26 Ağustos 2011 Cuma

l'inde fantôme / louis malle


"l'inde fantôme, réflexions sur un voyage" her biri 51 dakikalık yedi bölümden oluşuyor. louis malle, kameramanı étienne becker, sesçi jean-claude laureux ve bir de mihmandardan oluşan dört kişilik bir ekiple 1968 yılında beş ay hindistan'da dolaşıyor ve seyahat izlenimlerinden oluşan bu devasa belgesel ortaya çıkıyor.

yedi bölümün adları şöyle: la caméra impossible (imkansız kamera), choses vues de madras (madras'tan izlenimler), les indiens et sacré (hintliler ve kutsal), rêve et réalité (düş ve gerçek), regards sur les castes (kastlar hakkında), en marge de l'inde (hint toplumunun kıyısındakiler), bombay, l'inde future (bombay, hindistan'ın geleceği)

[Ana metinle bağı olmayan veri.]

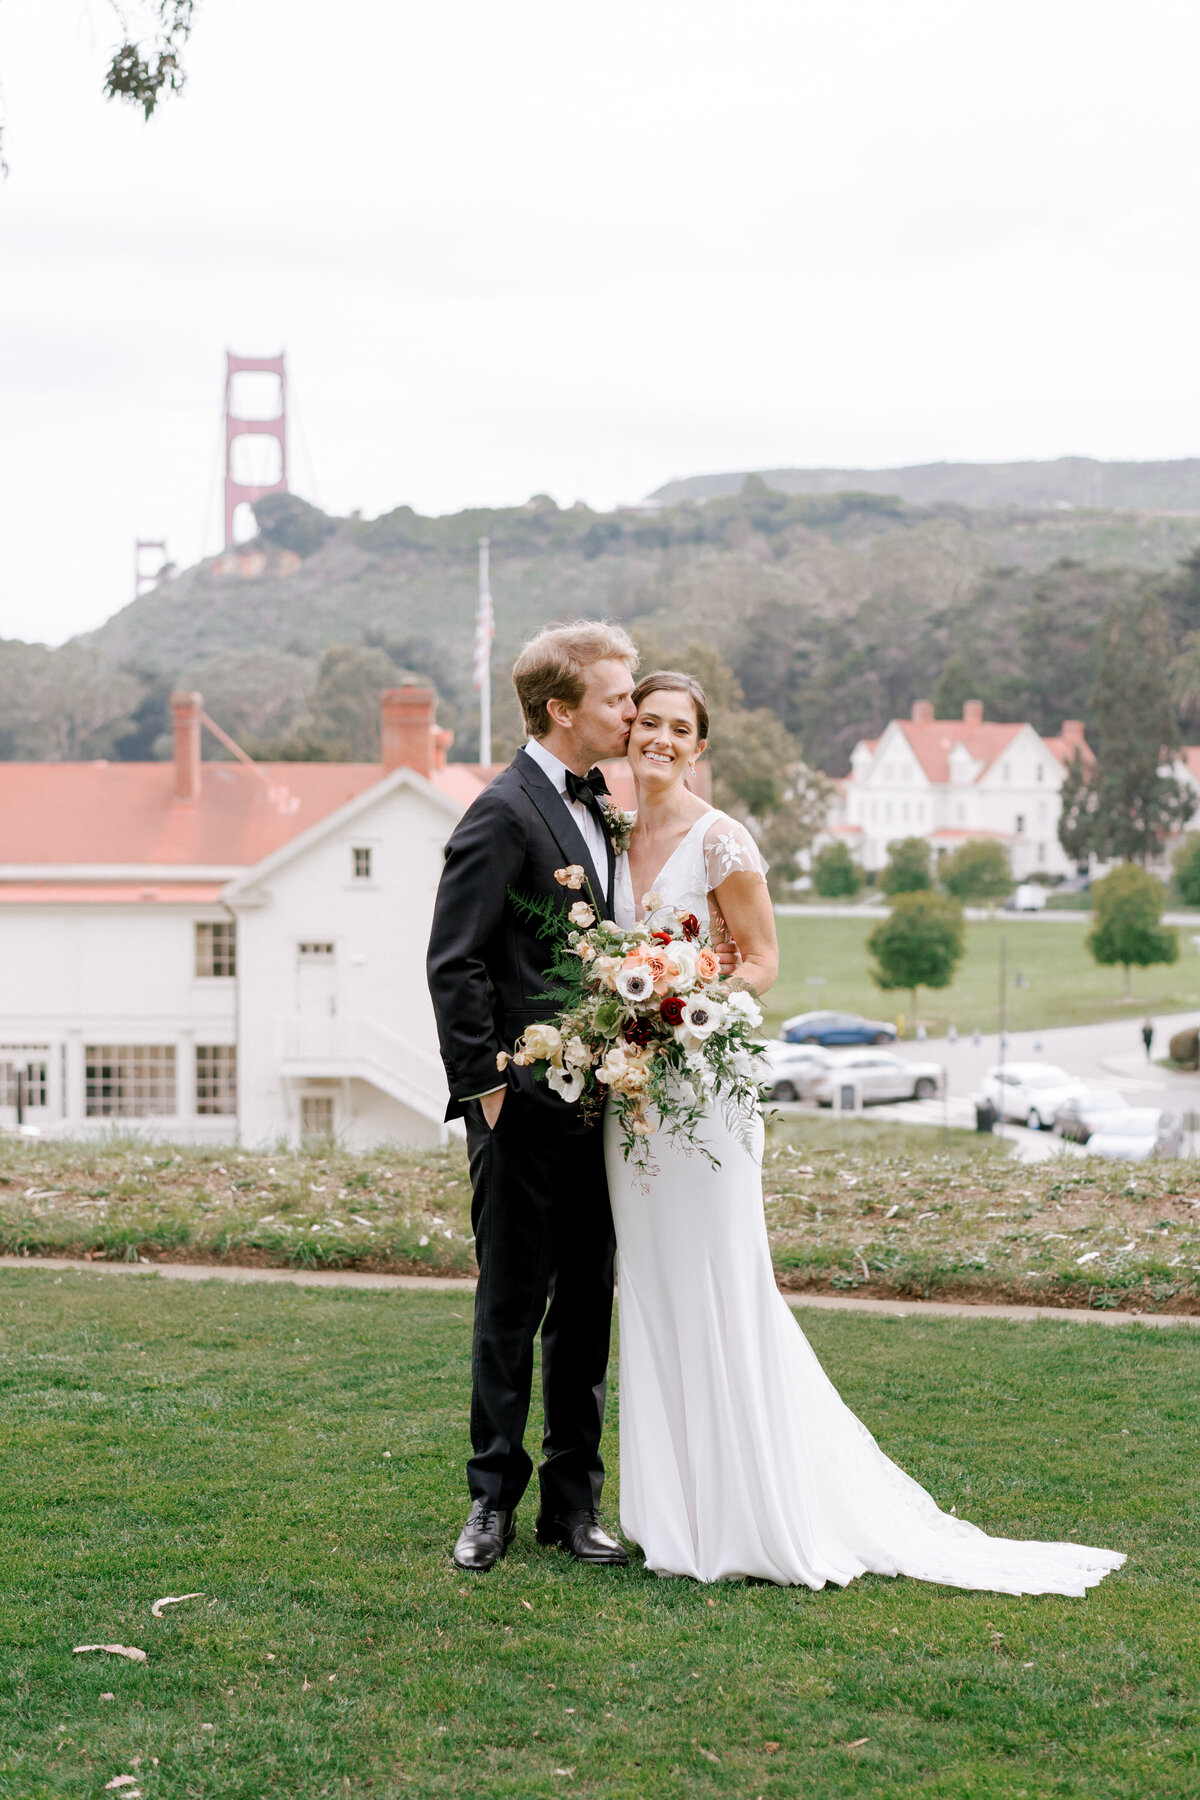 JESSICA RIEKE PHOTOGRAPHY - KRISTEN AND SAM WEDDING-398
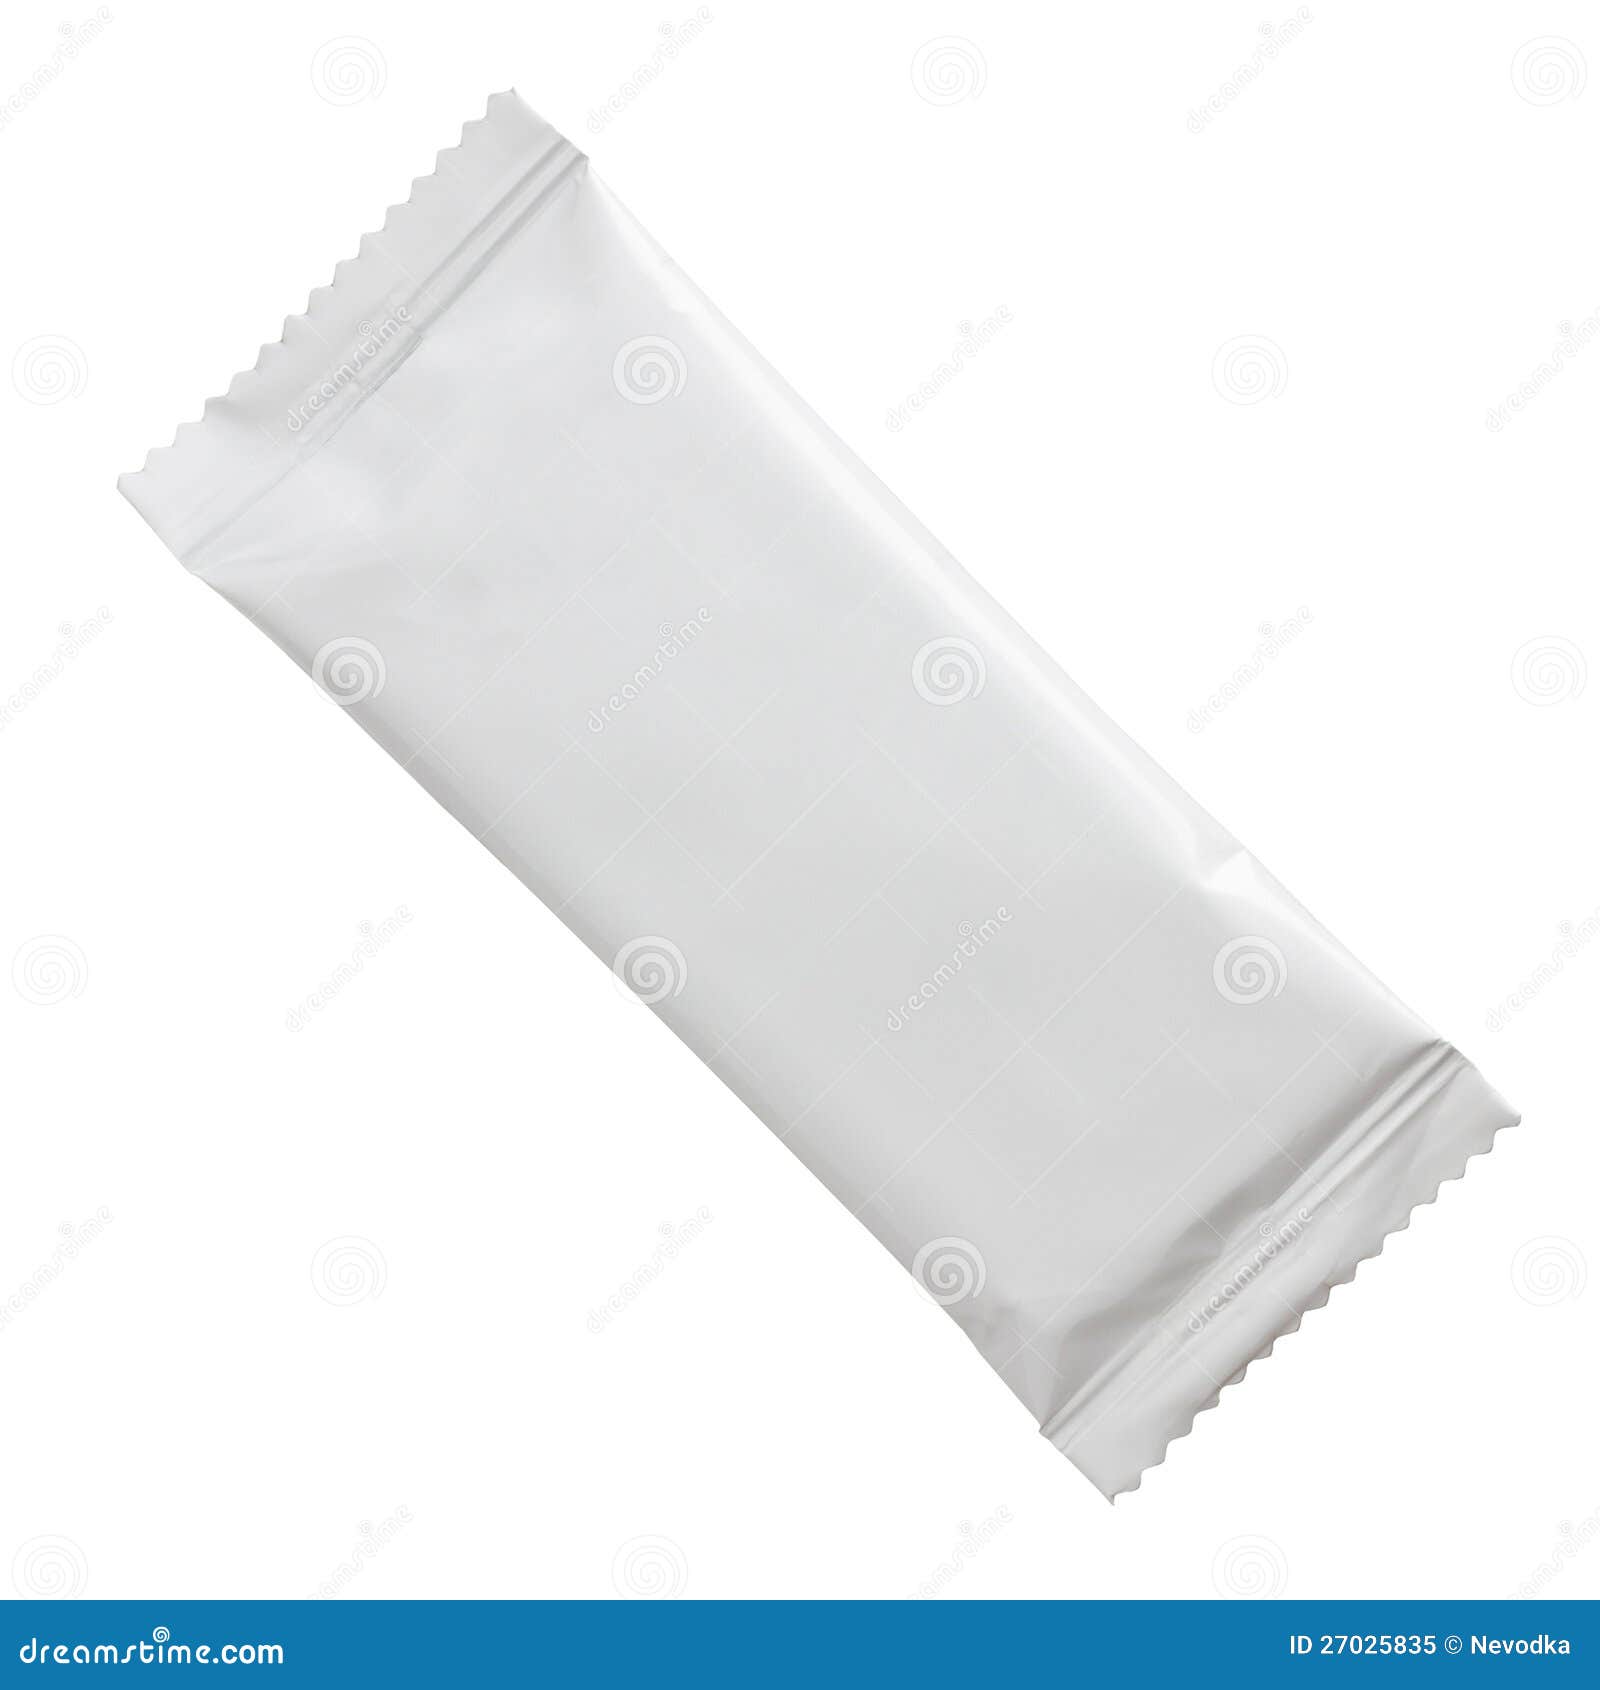 blank plastic stick packaging

malle daha "imkansız kamera"nın ilk onbeş dakikasında bütün bir belgeselin fikrini, derdini ortaya koyuyor. bir kere; ingilizce bilen, çok konuşan, diğeri için en iyisinin ne olduğunu bildiklerini zanneden ve söyledikleri ona (malle'e) hiç de yabancı olmayan toplumun %2'sini ekrana taşımayacaktır bu belgeselde; derdi kırsaldaki, sokaktaki, kenardaki halk olacaktır. ve, baştan belirlenmiş, öngörülmüş bir omurga olmadan; karşılarına çıkanlara göre, tesadüflere göre çekecektir belgeseli.



ikincisi; hindistan'da izlenim edinmeye çalışırlarken aslında hep onlar (yani çekim ekibi) "izlenen"e dönüştü, çünkü halk onların varlığını hissettiği anda onları "seyreder" oldu. daha ilk çekim gününde bu durumdan kaçınılamayacağını/kurtulunamayacağını fark edince, bunun üzerine gitmeye ve onlara ilgi ve merakla bakan yüzleri olduğu gibi peliküle aktarma kararı veriyorlar. her bölümün başındaki bir dakikalık "l'inde fantôme" jeneriği de zaten sadece insan suretlerinden kurgulanmış.

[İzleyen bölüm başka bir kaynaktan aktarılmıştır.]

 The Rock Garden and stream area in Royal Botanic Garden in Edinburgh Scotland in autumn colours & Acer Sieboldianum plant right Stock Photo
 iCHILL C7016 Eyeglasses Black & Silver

malle'in üçüncü derdi ise; o bir yıl önce hindistan'da çekimlerini yaptığı görüntüleri şimdi (yani 1969'da) paris'te bir stüdyoda kurgulamaktadır ve ister istemez zaman ve mekan değişikliğinin onun bakış açısını yenilediğinin farkındadır. zaten, malle belgesel sırasında durmadan çekimleri yaptığı andaki "hisleri" ile o anda kurgularkenki "aklı arasında gider gelir. bence malle'in belgeselini biricik yapan en önemli özelliklerinden biri de bu.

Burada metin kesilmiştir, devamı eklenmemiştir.